Bravado Cartel are an English rock band from Huddersfield, West Yorkshire, consisting of Will Bloy (vocals), Jonny Green (guitar), Shayne Whitton (drums), Jonathan Armstrong (bass guitar) and William Gould (keyboards), particularly noted for their 2016 UK single "Just Like Fighting Shadows" with Emma Kirke, which charted 33 in the i-Tunes rock downloads in that year. The band have released five studio albums spanning the period 2009 to 2019.

== History ==
Originally named RedStar, the band was formed by Will Bloy after leaving the armed forces in 2004. Early members included Steve Smith (guitars), Shayne Whitton (drums), Tim Whiteley (bass) and Gary Hutchinson (keyboards). In 2005, Joe Leadbeater replaced Hutchinson on keyboards and on 2007 Smith was replaced by Jonny Green on guitars. In the early years, RedStar gigged in pubs and clubs across the north of England but expanded to regular slots in London and a tour of Holland.

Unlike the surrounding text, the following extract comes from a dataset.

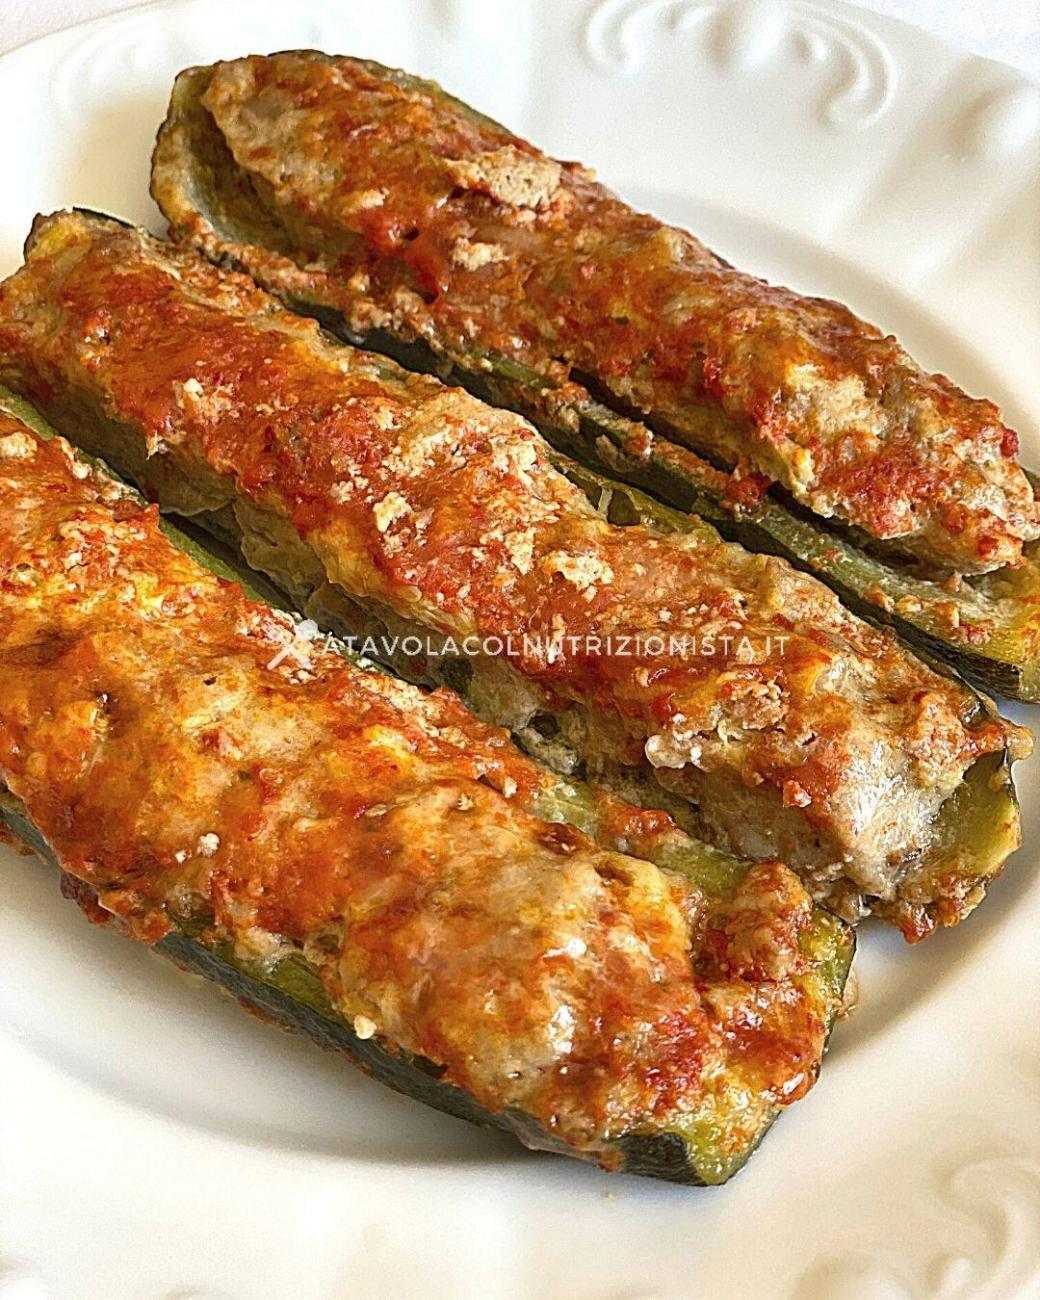 Ricetta Zucchine Ripiene Di Carne Al Sugo.Ricetta Light Zucchine Ripiene Di Carne A Tavola Col Nutrizionista
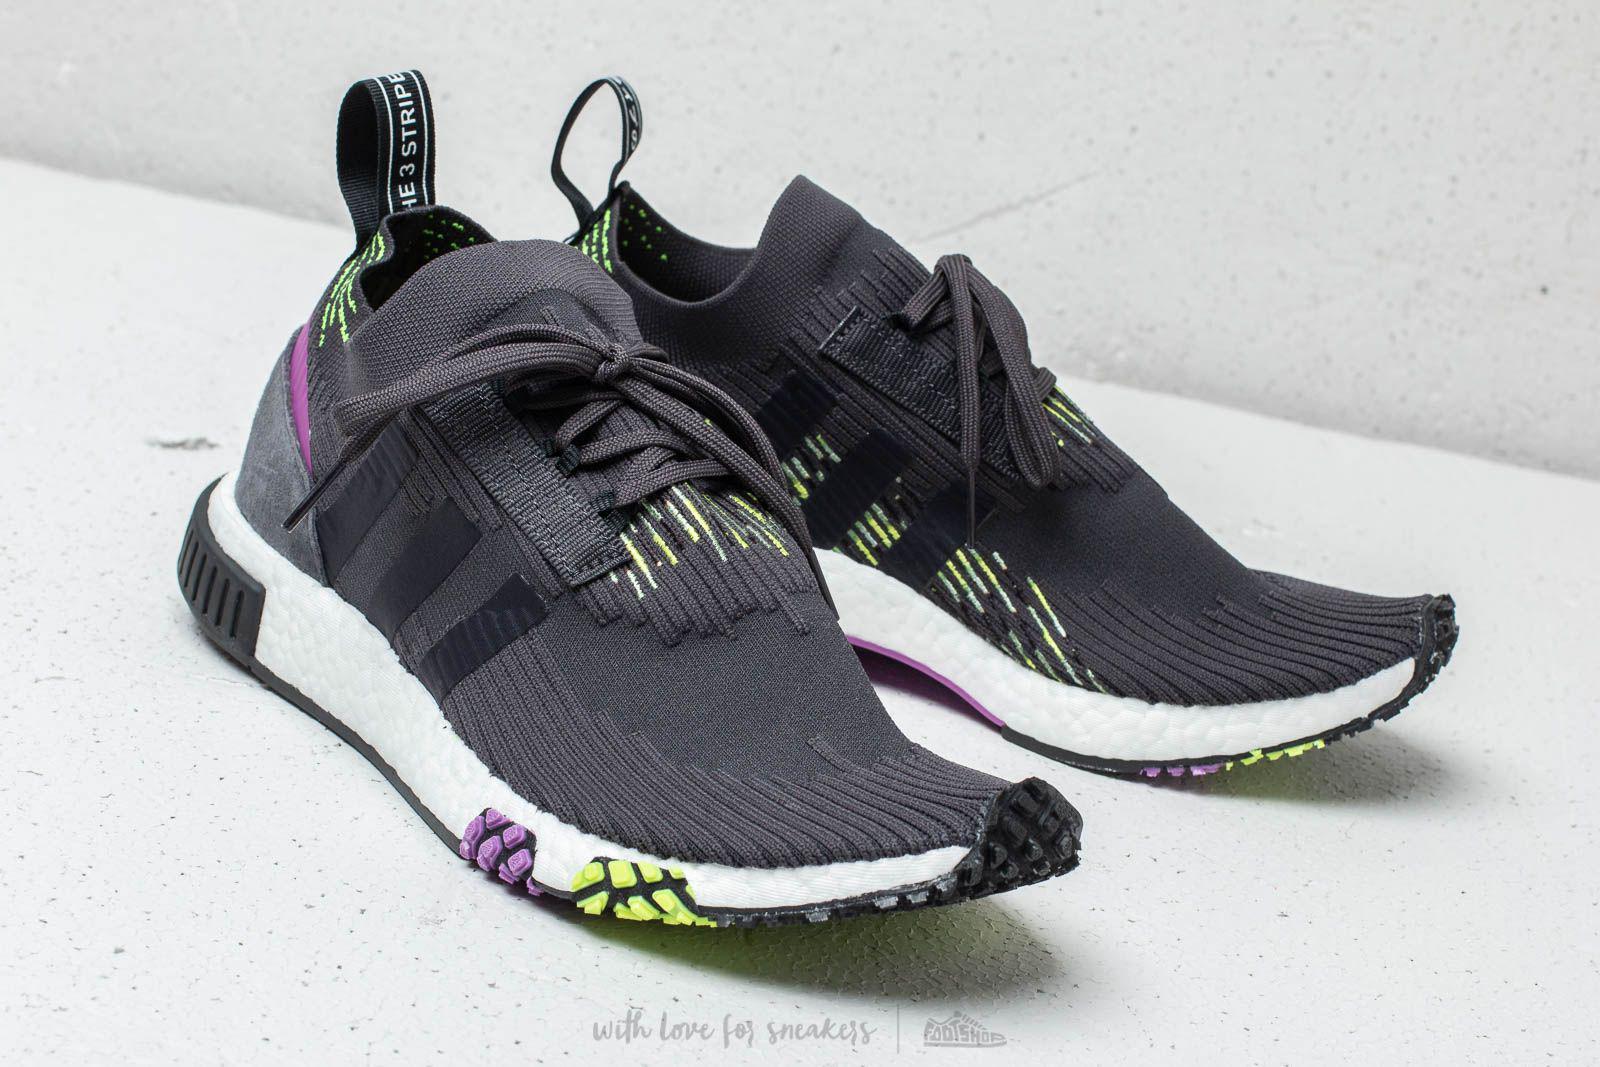 915f05a58 Lyst - adidas Originals Adidas Nmd Racer Primeknit Carbon  Core ...

In the summer of 2012, the band reached fourth place at Live and Unsigned out of a pool of approximately 40,000 band entries, which resulted in a gig at the O2 Arena, London. During this period, RedStar's music was described by a music journalist at The Apollo Festival, as having 'great lyrics, stomping riffs and anthemic choruses ... [with] West Yorkshire accents seeping through the vocals, giving a feeling of home and heart right within the music ... RedStar are moving their genre forward and are definitely ones to watch'.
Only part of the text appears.